The real threat of disqualification for Imran Khan may not lie so much in the foreign funding case as non-declaration before ECP of income from sale of Toshakhana gifts during the year 2018 followed in 2019, as annually required. Although the wanting declaration was subsequently made in the 2020, yet on a purely strict and legalistic interpretation of laws and precedent, the failure to make the declaration during the relevant and particular two years can have serious consequences. The spectre of a decision of the Supreme Court of disqualification in a similar case of non-declaration of assets by a former Prime Minister hangs like a sword of Democles in the present matter.
In the Imran Khan Niazi & others Versus Mian Mohammad Nawaz Shareef case, the Supreme Court judgement delivered by a five-member bench headed by Chief Justice Saqib Nisar, decided that Nawaz Shareef was disqualified for life for non-declaration before the ECP in 2013 of “unwithdrawn” receivable salary of UAE Dirhams 10,000 per mensum from his son’s firm.
If the disqualification of Nawaz Shareef, a three-time Prime Minister, by the Supreme Court on the basis of a vague legal provision applied to tenuous and insubstantial evidence cannot be wholly justified, on both ethical or legal grounds, so cannot a possible disqualification of Imran Khan, an ex-Prime Minister, from being so declared, be called as just and proper. Howsoever weak and questionable the credentials of a parliamentary civilian democracy, discrediting and disqualifying politicians, in a not so level or transparent a playing field where other stakeholders in the power game are exempt, who possess large popular mandates is seriously debatable being inimical to promoting strong and viable democratic traditions that are so vital for national survival and development.
The judgement against Nawaz Shareef arguably remains a contentious decision that to this day mars our judicial record. Even the most partisan of opinions continue to express serious reservations on that score. Can a questionable judgment be made the basis of another doubtful decision? Unfortunately bad decisions create bad precedents with worse consequences.
It will not be too farfetched to conclude that the Zia period constitutional amendments inserting the provisions of ‘Sadiq’ and ‘Ameen’ in Article 62(1)(f) were made with the specific purpose to keep politics open only for those who were acceptable to the Zia and the establishment. The provision cannot but be considered as vague and open to various different interpretations as no single definition of what, under Islam, exactly constitutes sagacity and honesty. There is no general agreement on how the terms ‘sagacious, righteous and non-profligate and honest and Ameen’ can be understood or applied.

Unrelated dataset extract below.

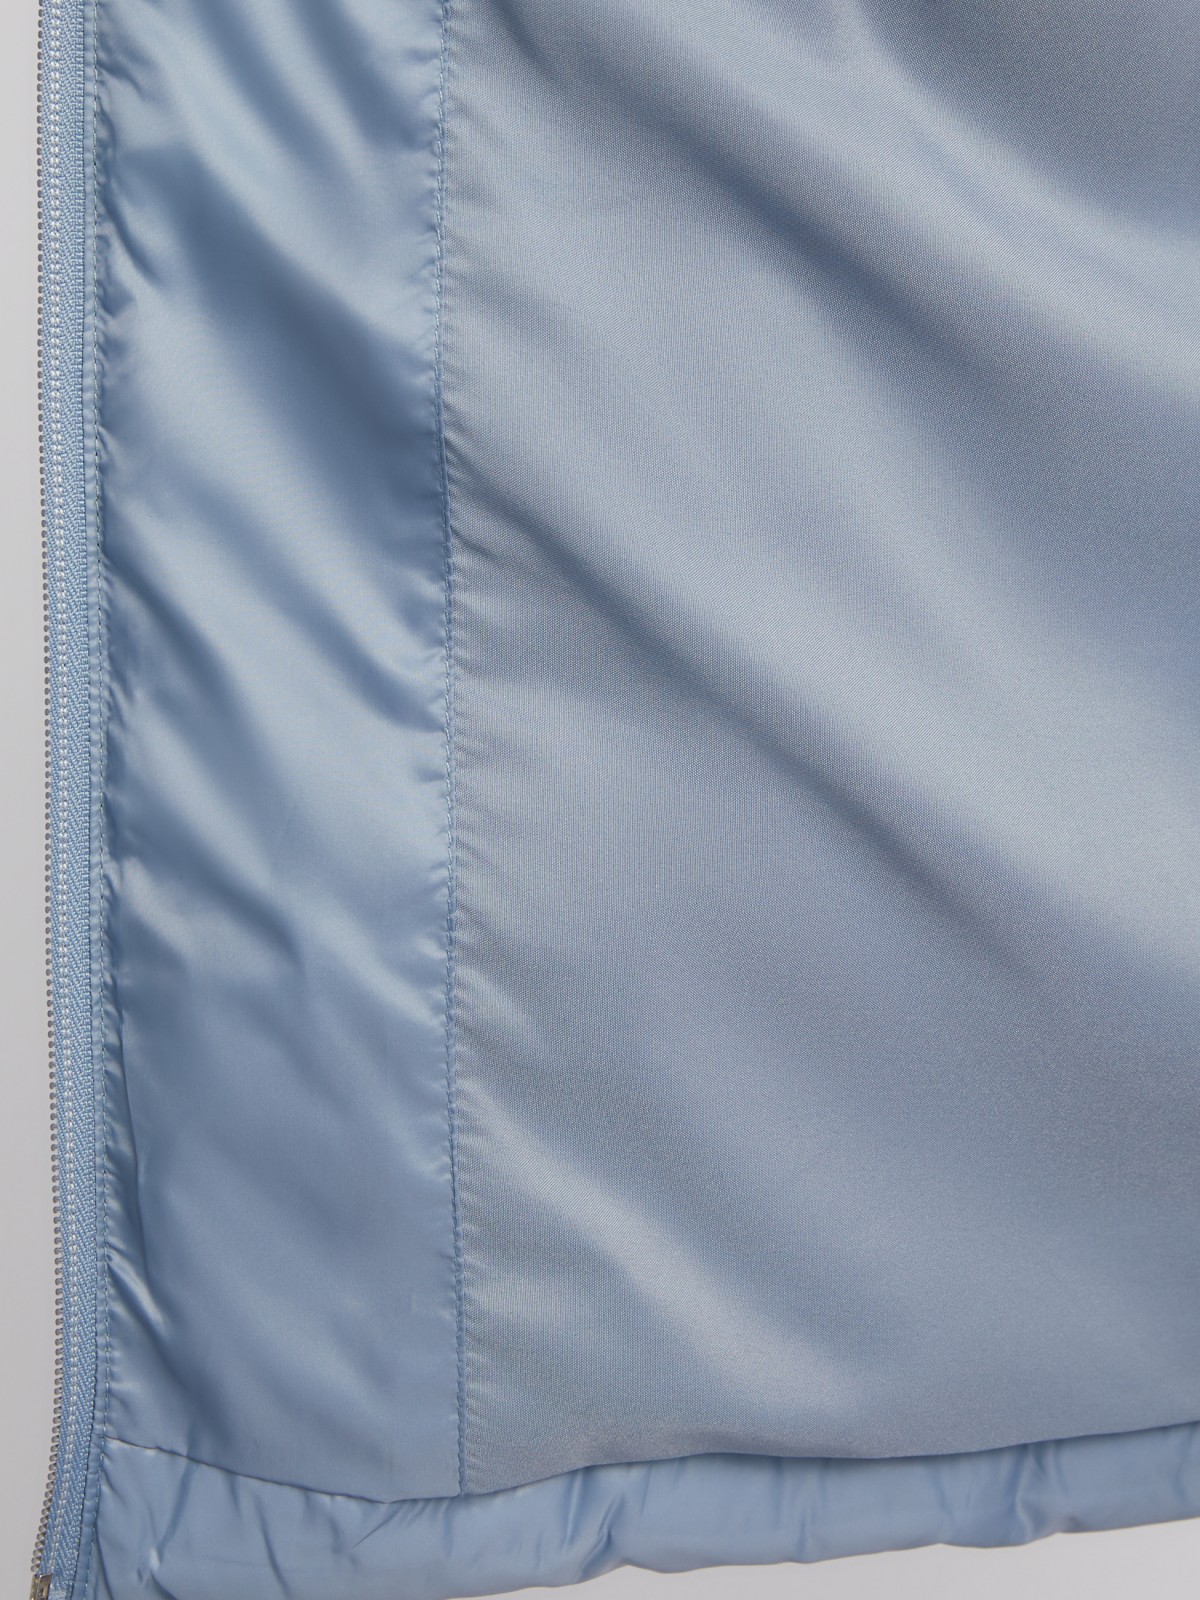 Утеплённая короткая куртка на молнии с воротником zolla 024135112154, цвет голубой, размер S - фото 5

It is an established principle of law that the intent and purport of any law should be specific rather than be open to various and different interpretations. Laws must restrict the scope for discretion and personal opinion of those responsible for delivering justice in accordance thereto.
For all these reasons the provisions of the Constitution under Articles 62 and 63, being contrary to the standards and yardsticks of natural law and justice as well as reason, need revisiting to remove the element of ambiguity and obscurity. A cryptic law must inevitably lead to instances of avoidable injustice. The more so in matters of state and those that affect the fate of democratic evolution and civilian supremacy in a country trying to institute strong traditions of constitutionalism. Every obstacle towards institutionalising strong democratic norms, practices and traditions, which our evolution as a democratic polity has unfortunately had to face in plenty, needs to be removed for us to realise true democracy.
For civilian supremacy which is another name for the ascendancy of the popular will, it is essential to reassess, amend or delete this provision from the Constitution. For that to occur all the political parties in the National Assembly need to unite to make an amendment to the Constitution with a two-thirds majority. Only that can open the way for this dubious provision that stands in the way of political and democratic evolution to be removed. Can the PDM government come together with the PTI in parliament to rise above party bias and inclinations for the greater cause of restoration of the true spirit of democracy.
In order to provide for equitable legality that is not only done but seen to be done, the Nawaz Shareef judgement similarly needs revisiting and doing away which can be possible through the said constitutional amendment. With the support of a two-thirds majority, the amendment can undo the questionable judgement against Nawaz Shareef and Imran Khan as well, if the latter is so disqualified. What is required is a leap of faith by all the political parties so that for the future a level playing field is provided to all political parties in a free and fair election.
For the sake of strengthening of democracy and civilian supremacy and ensuring that every institution works within its mandated legal purview , it is essential that all political parties get together on this common minimum agenda so that the foundations for movement towards true democracy is laid. This big step may become the forerunner of a tolerant polity where each party pursues its policies by trying to win the mandate of the electorate in a transparent and free manner for the augmentation of true democracy. For only in constitutional parliamentary democracy lies the answer to our myriad problems of national cohesion, rule of law, supremacy of the vote and welfare of the masses.
Published in The Express Tribune, August 11th, 2022.